Председатель колхоза Иван Ильич, прозванный колхозниками "Понимать", вырос на своем рессорном тарантасе как из-под земли. Женька взглянул в сторону табуна и обомлел. Лошадей на лугу не было, и только их хвосты, словно стая голодных ворон, кружили над зеленым полем овса. В жуткой тишине Женька слышал, как екала селезенка председательского жеребца, тихо позванивали рессоры тарантаса, и не мог сдвинуться с места. Степь замерла. Надвигался скандал. Потраву ему никто не простит, тем более сам председатель колхоза. Это он почувствовал сразу, всем своим вмиг похолодевшим телом. Окоротить табун он уже не успевал. Слишком далеко было злополучное поле - не добежать, а рядом, кроме Чайки, не было ни одной лошади.
Схватив уздечку, Женька в два прыжка оказался около нее. Лошадь подняла голову и настороженно посмотрела на него. Дальнейшее произошло как во сне. Едва он успел накинуть уздечку и вскочить на лошадь, как та сорвалась с места и помчалась по степи. Потом резко остановилась, метнулась в сторону и, оглушительно заржав, свечой взмыла вверх. С вырванным из гривы клоком волос Жьнька скользнул по крупу вниз, тут же был подброшен обратно к гриве и, нелепо кувыркнувшись в воздухе, перелетев через голову Чайки, ударился о землю. Перед глазами мелькнули копыта, и огромное черное брюхо лошади заслонило небо.
Очнулся он на руках Ивана Ильича.
- Женя, сынок, как же так! - ласково говорил он, прижимая его к себе. - Дикая, необъезженная, а ты, понимать... Так, не дай бог, руку аль ногу... А овес, овес, понимать...
- Я ее травой кормил, а она! - всхлипнул Женька и неожиданно для самого себя разревелся.
Была нестерпимо обидна черная неблагодарность Чайки.

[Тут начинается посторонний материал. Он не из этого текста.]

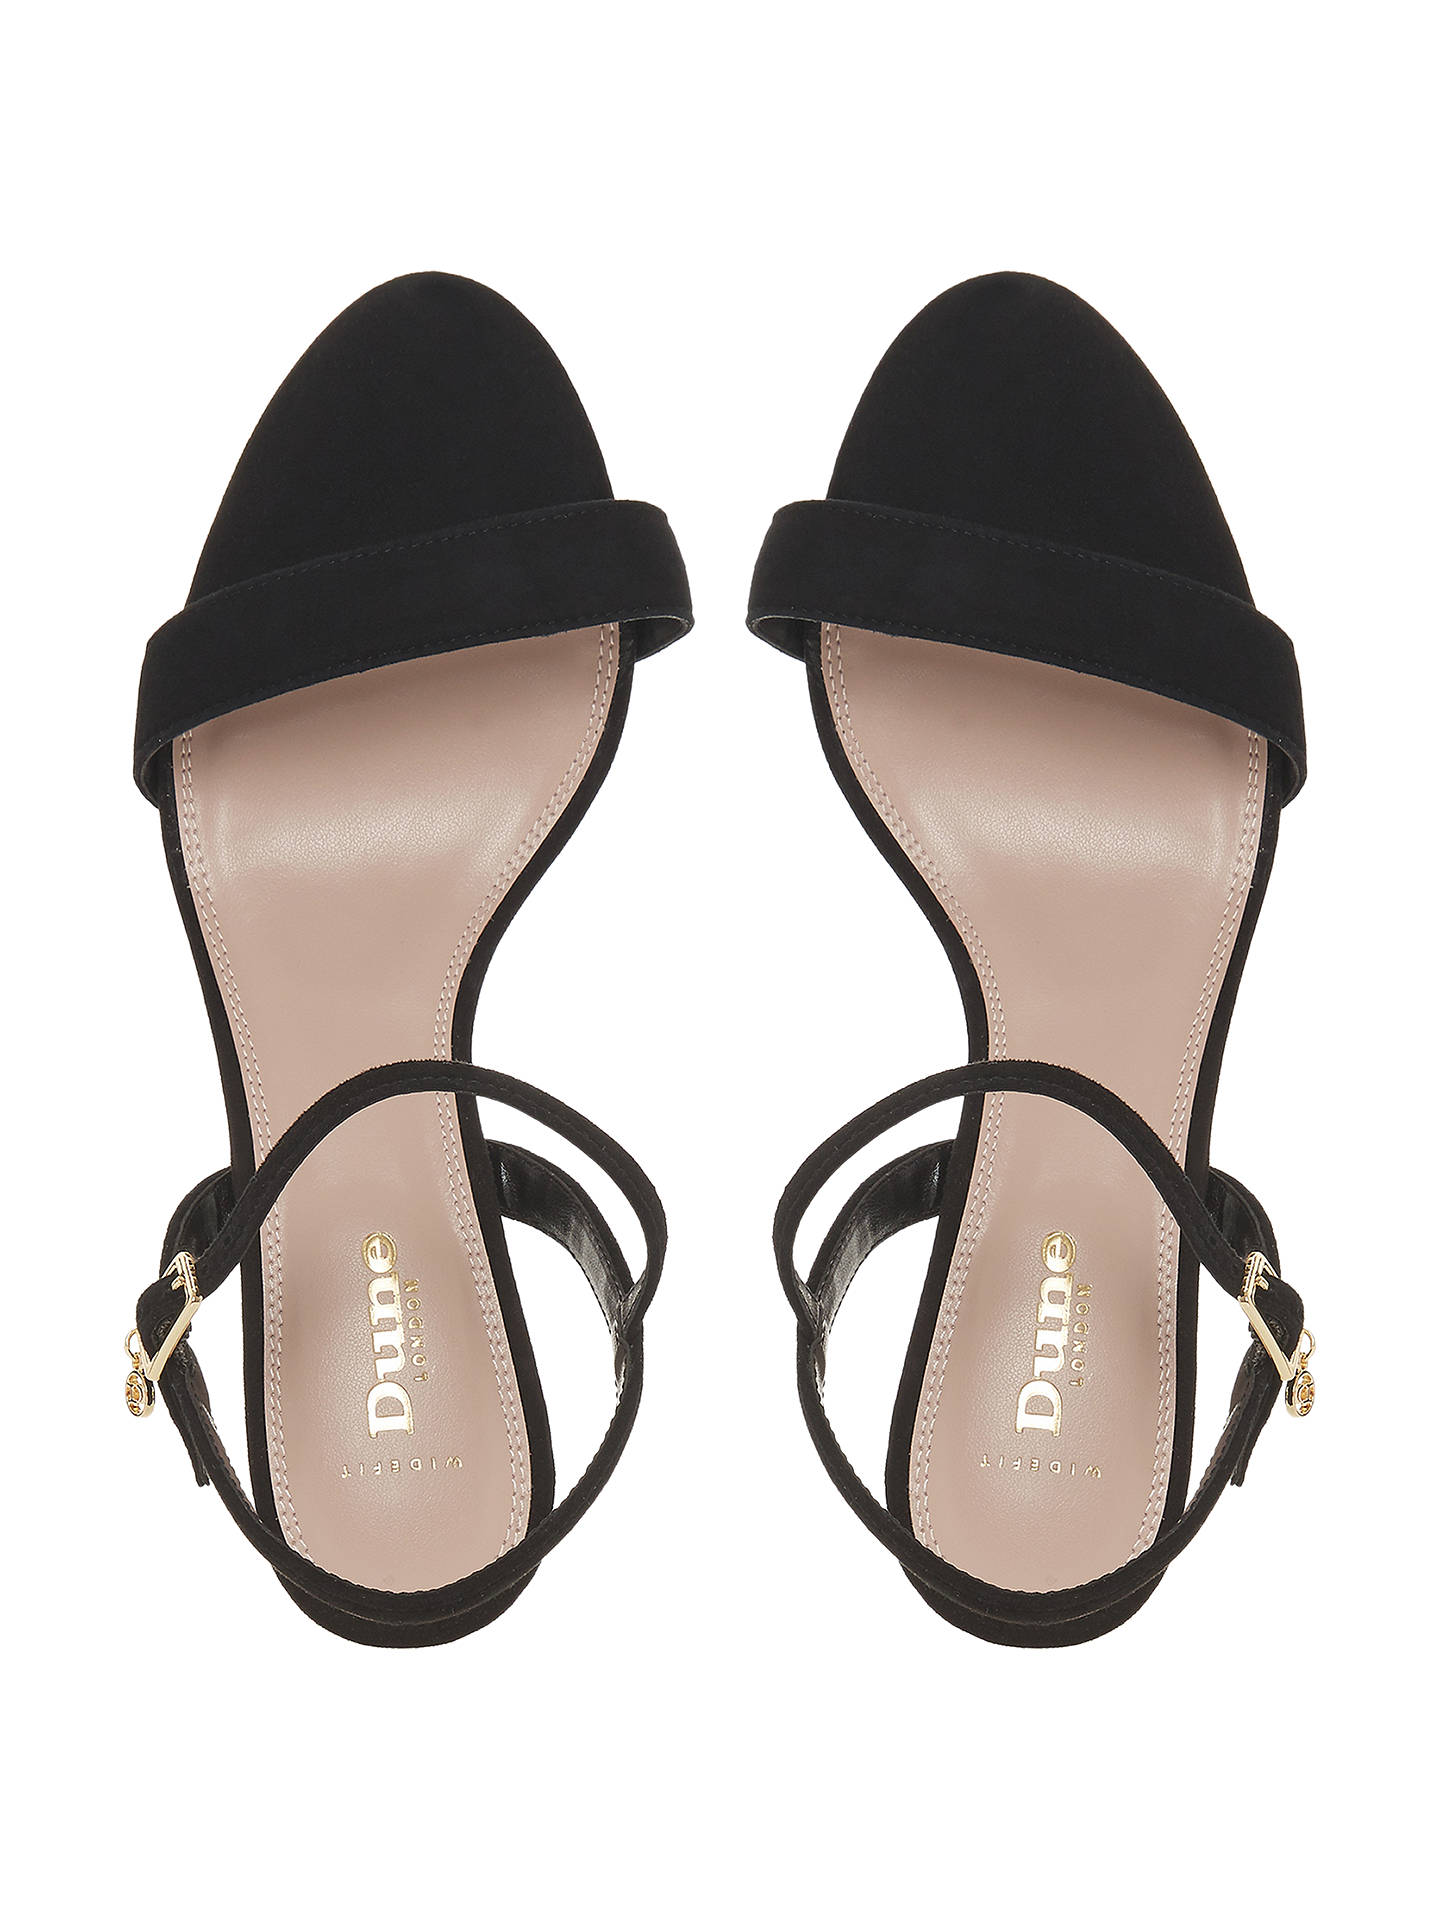 52a97cff2b4 ... Buy Dune Wide Fit Monnrow Two Part Kitten Heel Sandals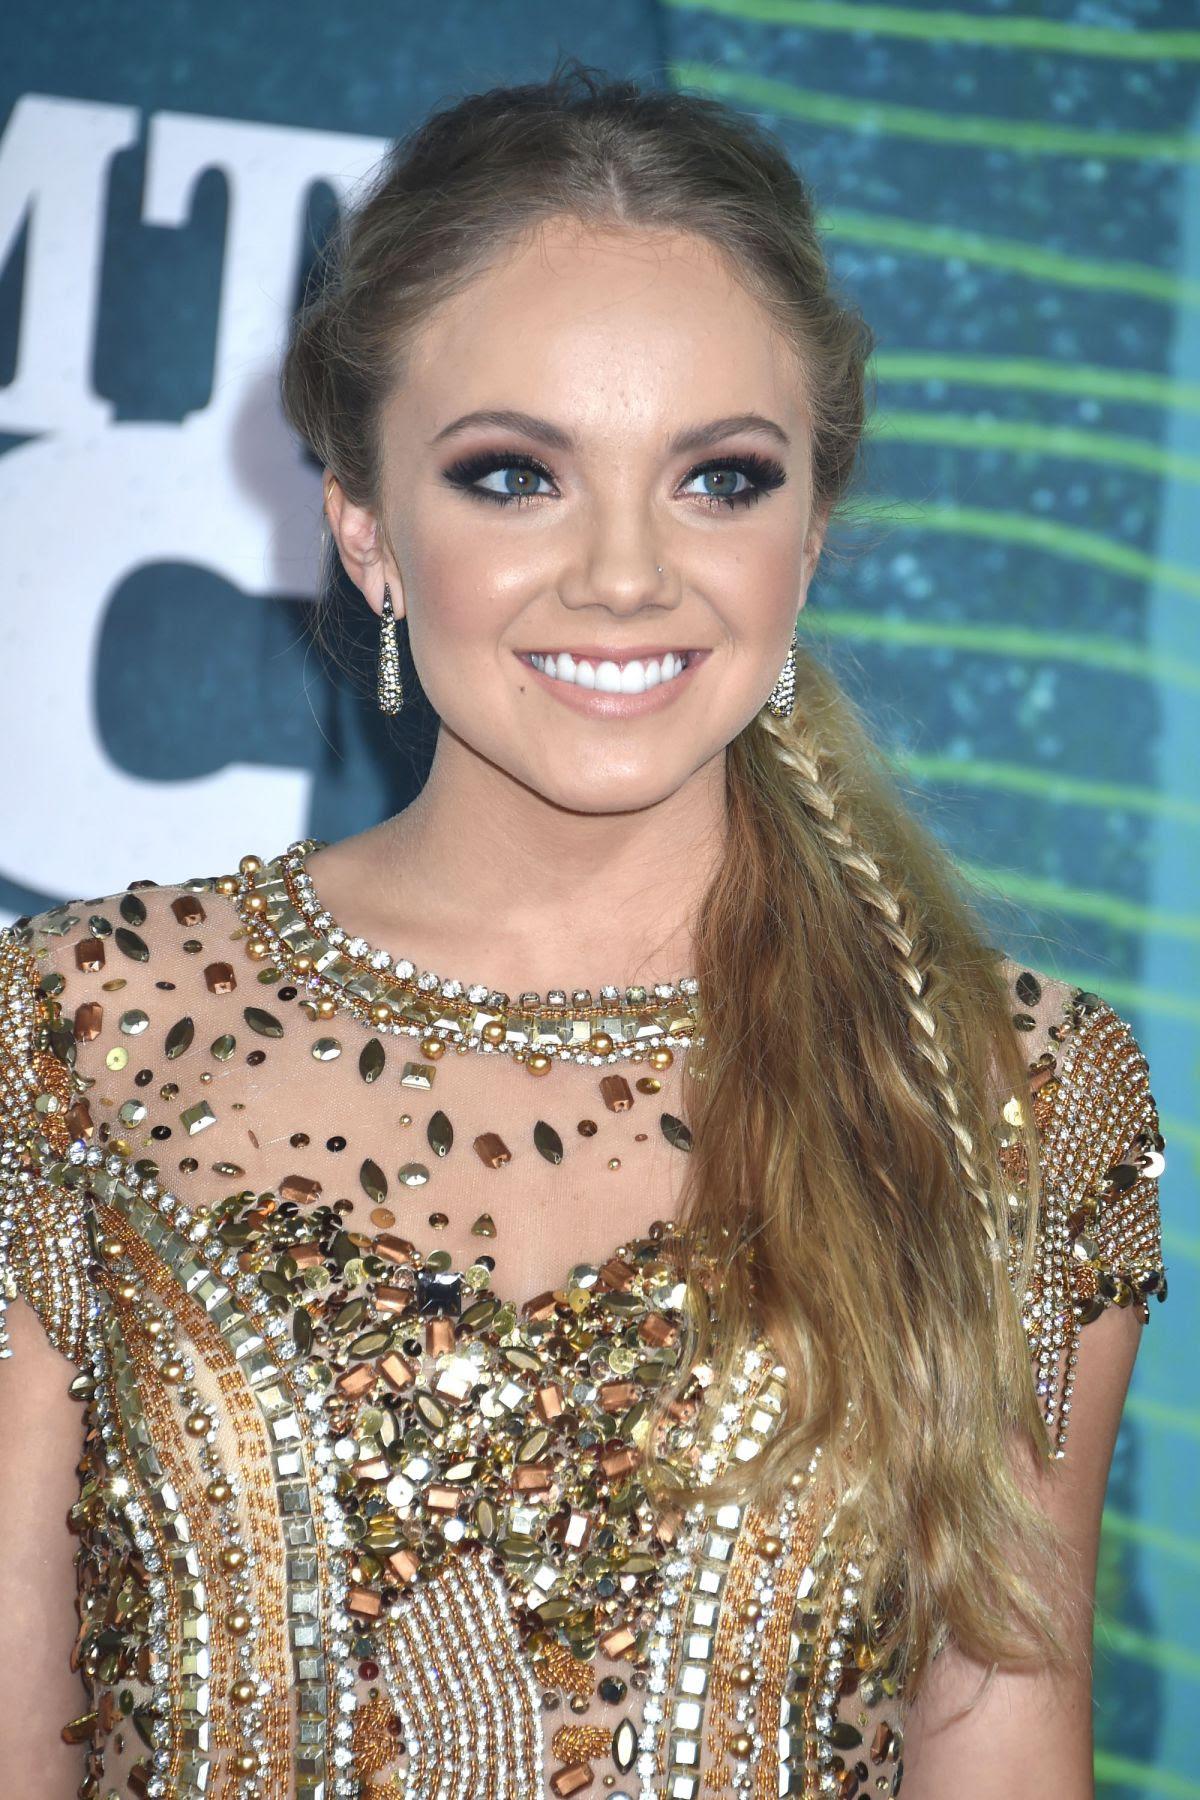 DANIELLE BRADBERY at 2015 CMT Music Awards in Nashville

А та, закусив удила, промчалась до овсяного поля, взбрыкивая, вернулась назад и, тяжело дыша, остановилась метрах в пяти от Женьки. С губ ее клочьями падала пена, глаза горели диким фиолетовым огнем.
- Ну, ну, не балуй! - прикрикнул на нее Иван Ильич, опуская мальчишку на землю. - Взъерепенилась, понимашь! В плуг упрячу, быстро обмякнешь!
Чайка шагнула к Женьке и, подняв морду, заржала. Ему показалось, что она извиняется перед ним, жалеет. Лошадь подошла еще ближе и ткнулась мокрым носом в его руки.
- Иван Ильич, не надо ее в плуг, - попросил Женька. - Она хорошая. Это она так... Она больше не будет.
Председатель грузно взобрался на тарантас, уселся, дернул вожжами и, обернувшись, строго сказал:
- Табун окороти, пострел! Уши другой раз нарву, пони-машь!
Женька бегом направился к табуну. Чайка, позванивая удилами, трусила следом. Жарко светило полуденное солнце. Хор кузнечиков подстраивался к писку сусликов, к заливистой трели жаворонка. Степь жила во всю свою ковыльную грудь: широко, раздольно, звонко.